## [Exercise data]
·····
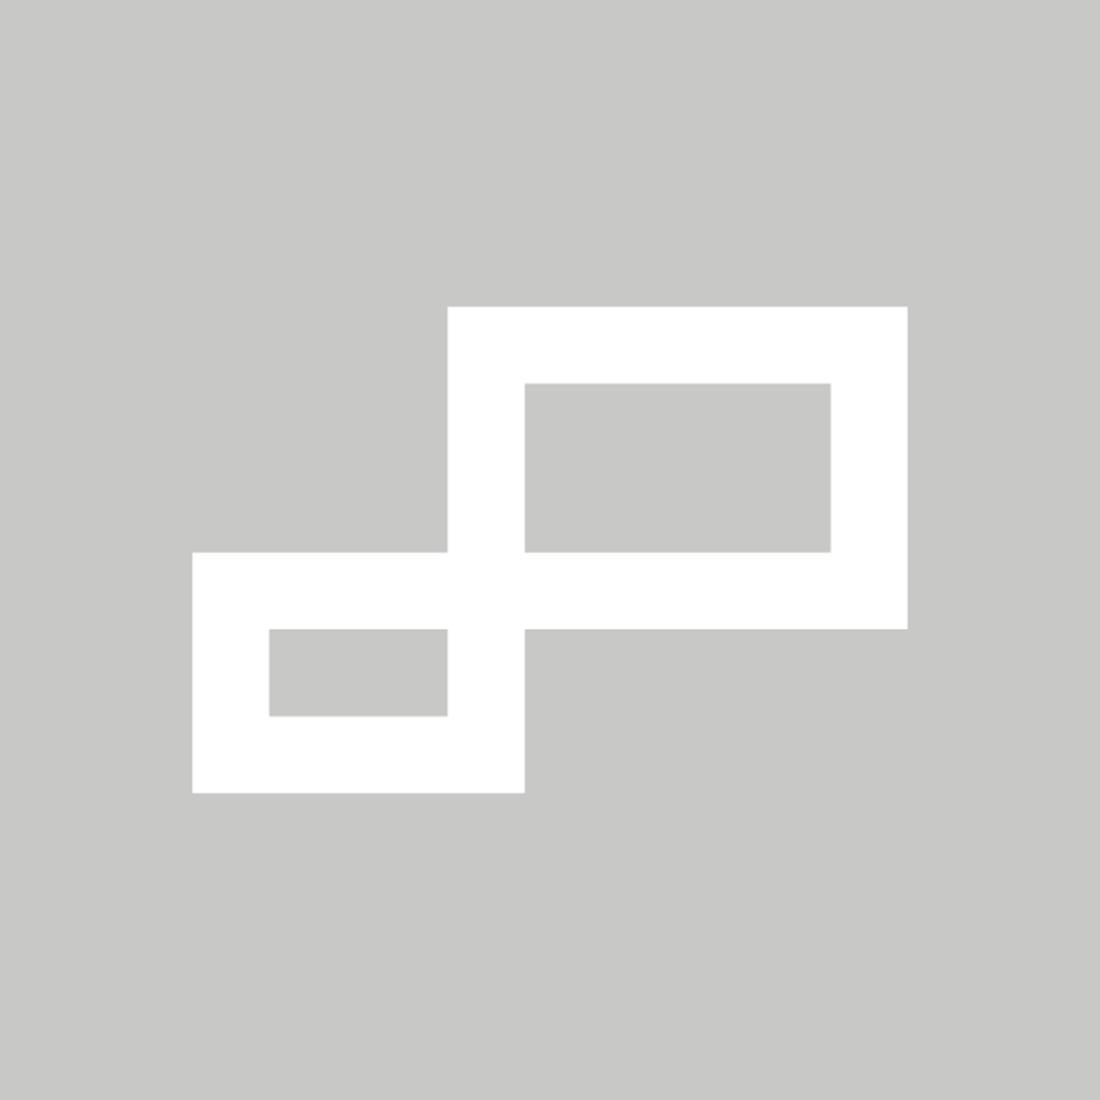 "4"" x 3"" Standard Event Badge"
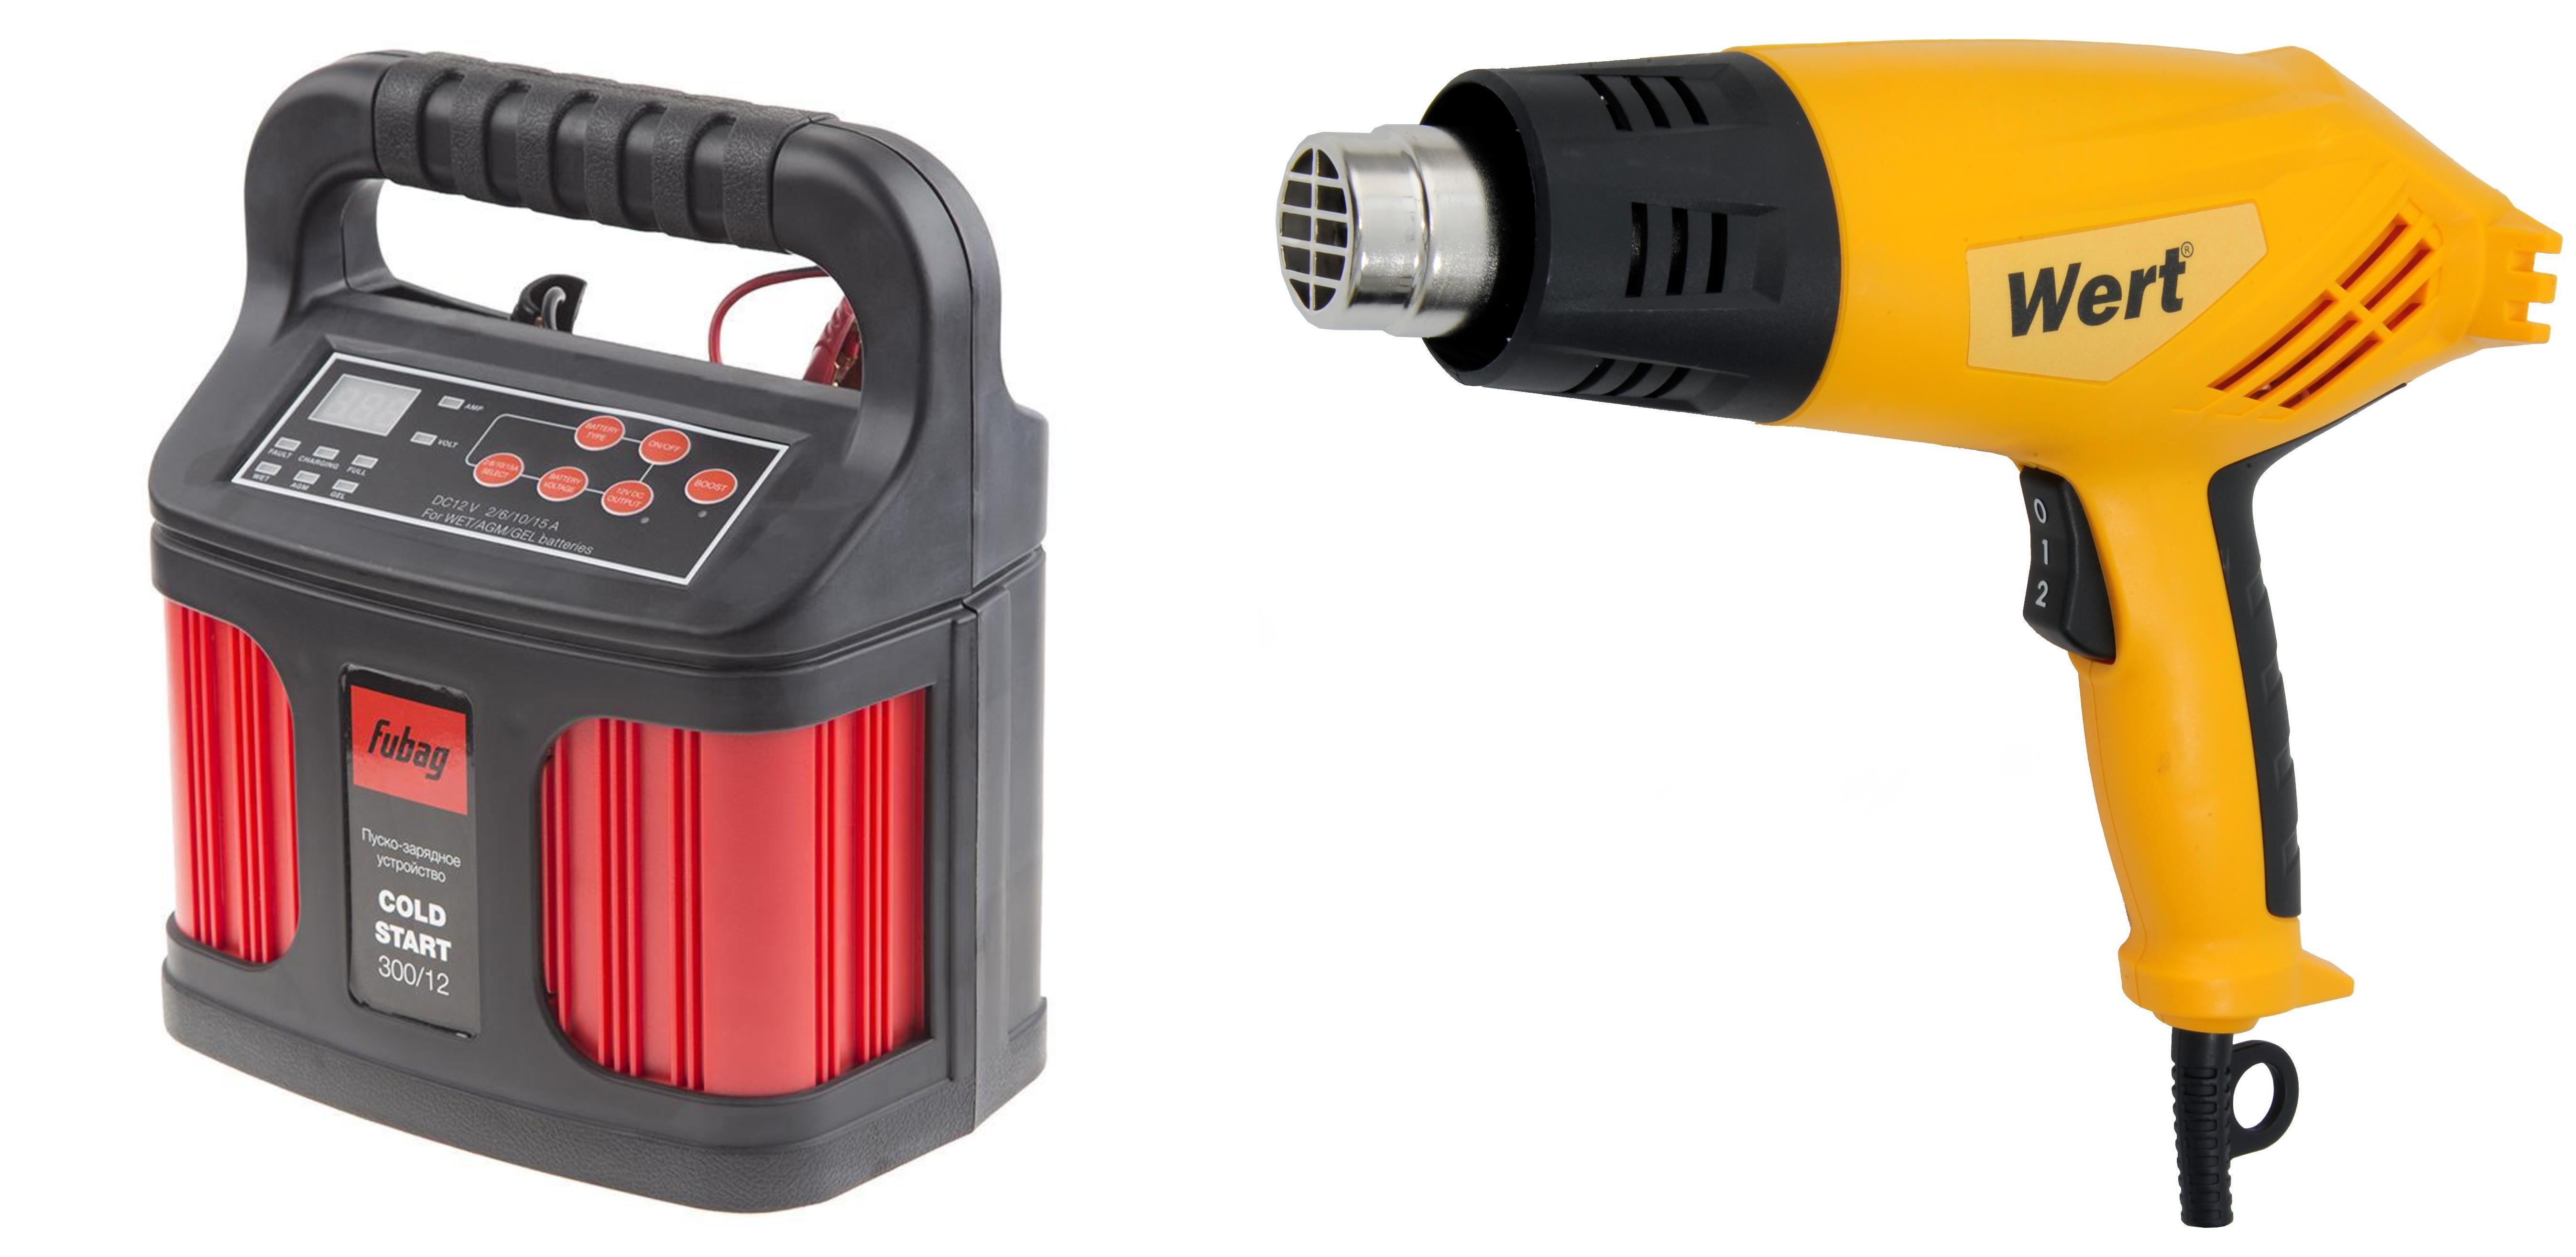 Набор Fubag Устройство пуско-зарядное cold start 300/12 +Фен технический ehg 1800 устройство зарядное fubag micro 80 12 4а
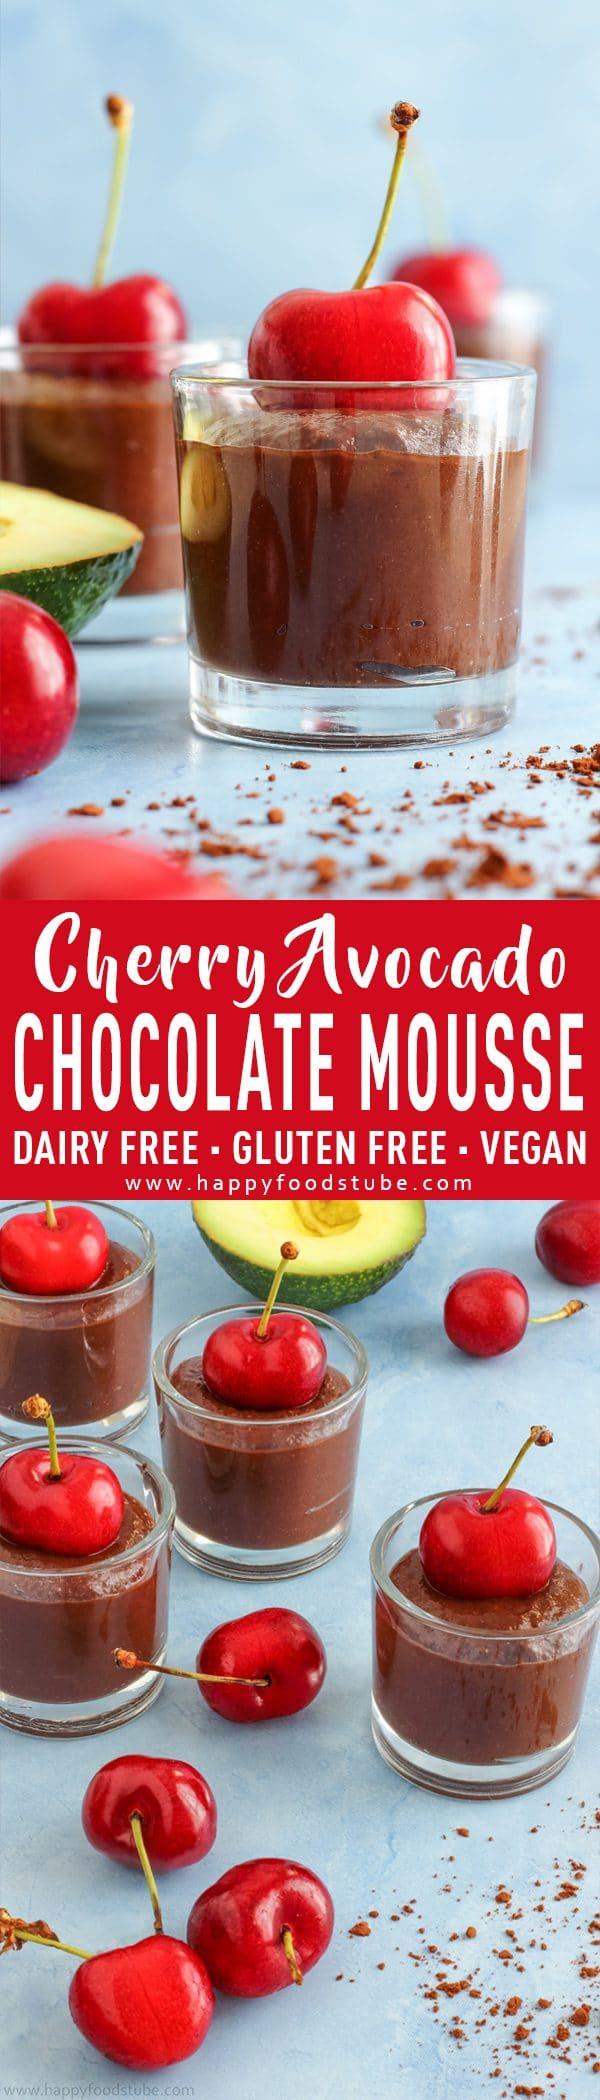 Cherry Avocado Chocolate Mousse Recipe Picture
·····
## [Task instructions]
Nothing but the lines from the one holding "Набор Fubag Устройство" through the last line of the listing should appear in the answer, copied exactly and without pictures.

## [Output for this task]
 Набор Fubag Устройство пуско-зарядное cold start 300/12 +Фен технический ehg 1800 устройство зарядное fubag micro 80 12 4а
 Cherry Avocado Chocolate Mousse Recipe Picture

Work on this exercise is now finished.